Compute Shader
Compute Shader (CS) is a programming model for executing general-purpose computing tasks on a GPU. Cocos Compute Shader inherits the syntax and built-in variables of glsl, and is added in the same way as rasterization Shaders, presented in effect form, and can only be used in custom render pipelines. Compute shader uses multiple threads to achieve parallel processing, making it highly efficient when dealing with large amounts of data.
Syntax
The definition method is the same as that of rasterization Shader shown below. Configuring PipelineStates under Computer Shader is meaningless.
CCEffect %{
techniques:
- name: opaque
passes:
- compute: compute-main // shader entry
pass: user-compute // pass layout name
properties: &props
mainTexture: { value: grey } // material properties
}%
CCProgram compute-main %{
precision highp float;
precision mediump image2D;
layout(local_size_x = 8, local_size_y = 4, local_size_z = 1) in;
#pragma rate mainTexture batch
uniform sampler2D mainTexture;
#pragma rate outputImage pass
layout (rgba8) writeonly uniform image2D outputImage;
void main () {
imageStore(outputImage, ivec2(gl_GlobalInvocationID.xy), vec4(1, 0, 0, 1));
}
}%
For more, please refer to Shader Syntax.
Input / Output
Compute Shader input and output consist of built-in input variables and Shader Resource variables.

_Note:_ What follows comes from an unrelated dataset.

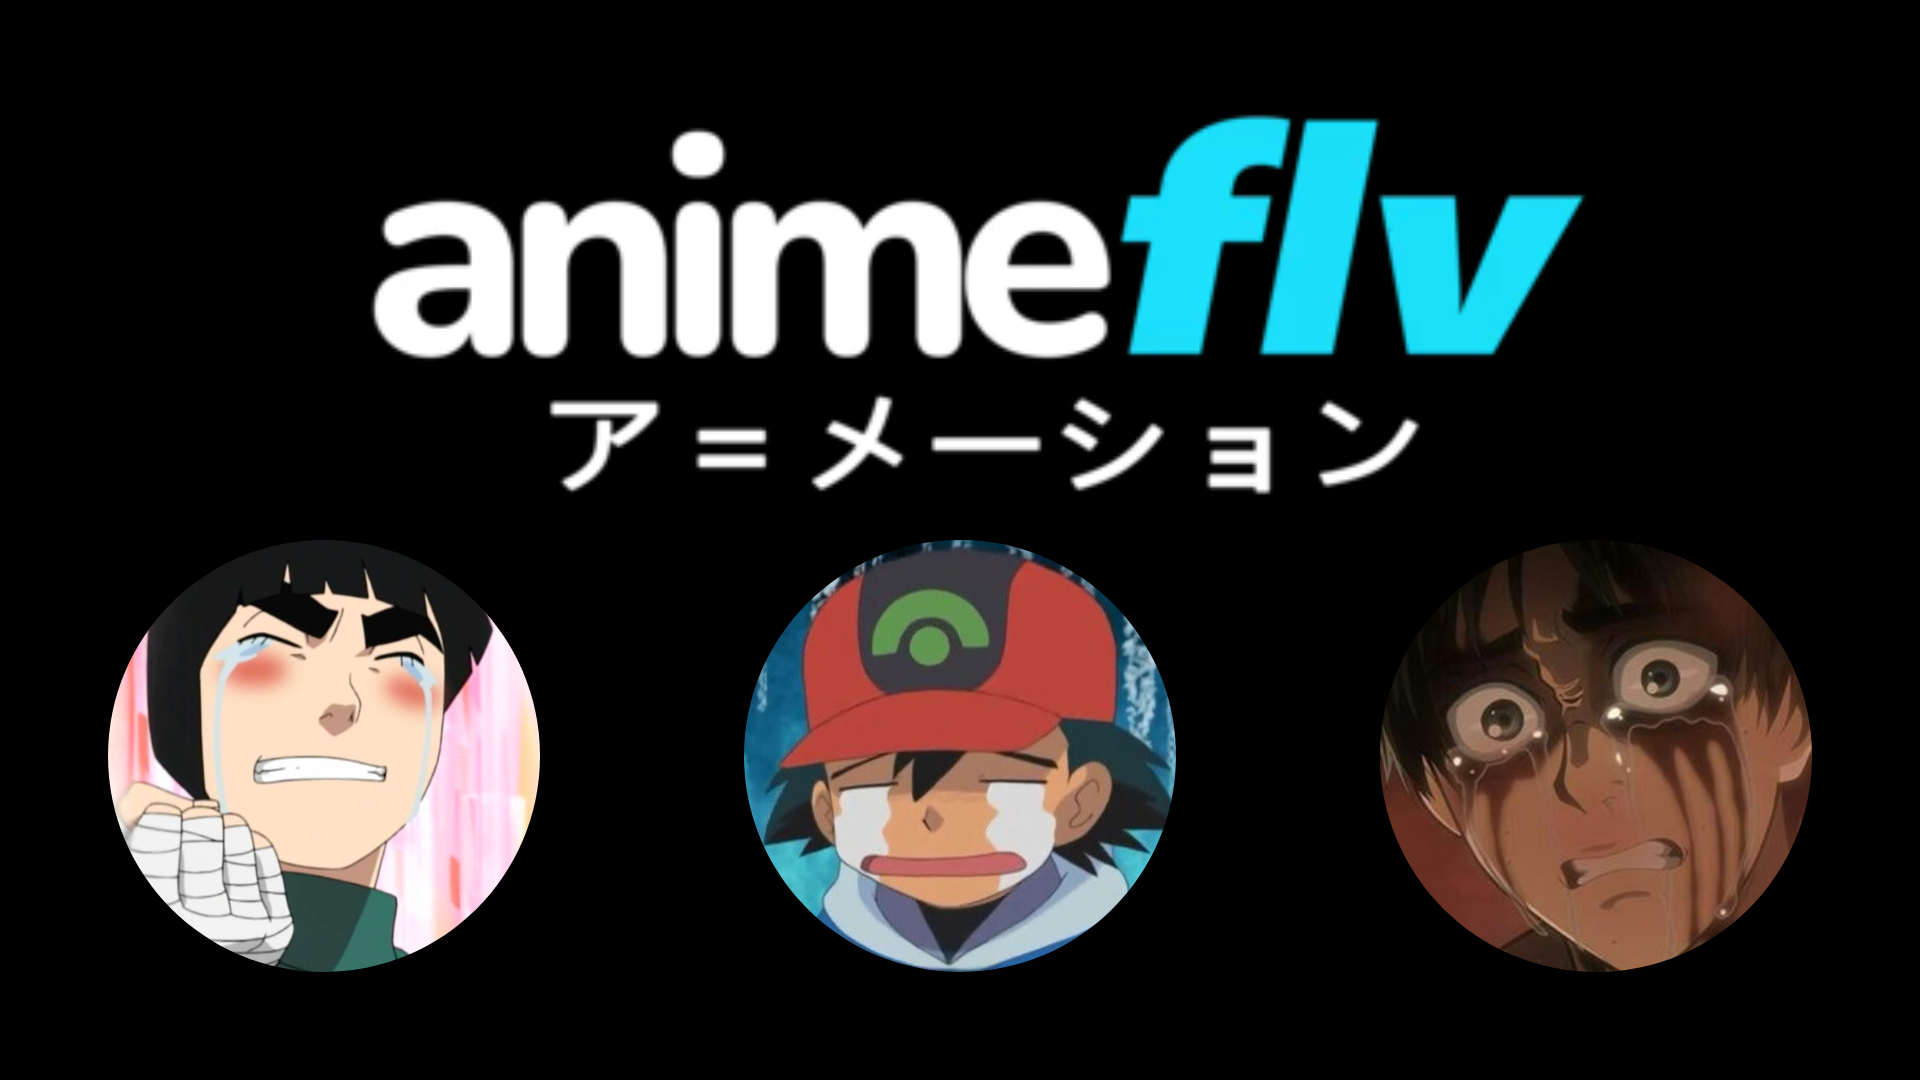 Reveal 144+ anime flv

The built-in input includes:
in uvec3 gl_NumWorkGroups;
in uvec3 gl_WorkGroupID;
in uvec3 gl_LocalInvocationID;
in uvec3 gl_GlobalInvocationID;
in uint gl_LocalInvocationIndex;
layout(local_size_x = X, local_size_y = Y, local_size_z = Z) in;
Shader Resource includes:
- UniformBuffer
- StorageBuffer
- ImageSampler
- StorageImage
- SubpassInput
CS has no built-in output, and output can be achieved through StorageBuffer/Image.
Shader resource declaration
Compute shader currently supports resource binding at two frequencies: PerPass and PerBatch, as shown below:
#pragma rate mainTexture batch
uniform sampler2D mainTexture;
#pragma rate outputImage pass
layout (rgba8) writeonly uniform image2D outputImage;
PerPass resources can be defined as resources that require pipeline tracking to handle synchronization, while PerBatch resources are typically constant data or static textures that can be bound through Material.
The PerBatch mainTexture
can be configured in the Material panel.
The PerPass outputImage
needs to be declared in the pipeline and referenced by ComputePass, and the data read/write synchronization and ImageLayout management need to be managed by RenderGraph. Please see below for details.
Pipeline integration
Adding a Compute Shader in the Custom Render Pipeline involves three steps:
- 1.Add a Compute Pass, where
passName
is the Layout Name of the current Pass and must correspond to the pass field in the Effect.
const csBuilder = pipeline.addComputePass('passName');
- Declare and reference resources, set access types and associate shader resources.
const csOutput = 'cs_output';
if (!pipeline.containsResource(csOutput)) {
pipeline.addStorageTexture(csOutput,
gfx.Format.RGBA8,
width, height,
rendering.ResourceResidency.MANAGED);
} else {
pipeline.updateStorageTexture(csOutput,
width, height,
gfx.Format.RGBA8);
}
csBuilder.addStorageImage(csOutput, // resource name
rendering.AccessType.WRITE, // access type
'outputImage'); // shader resource name
- Add a dispatch call and set Compute material.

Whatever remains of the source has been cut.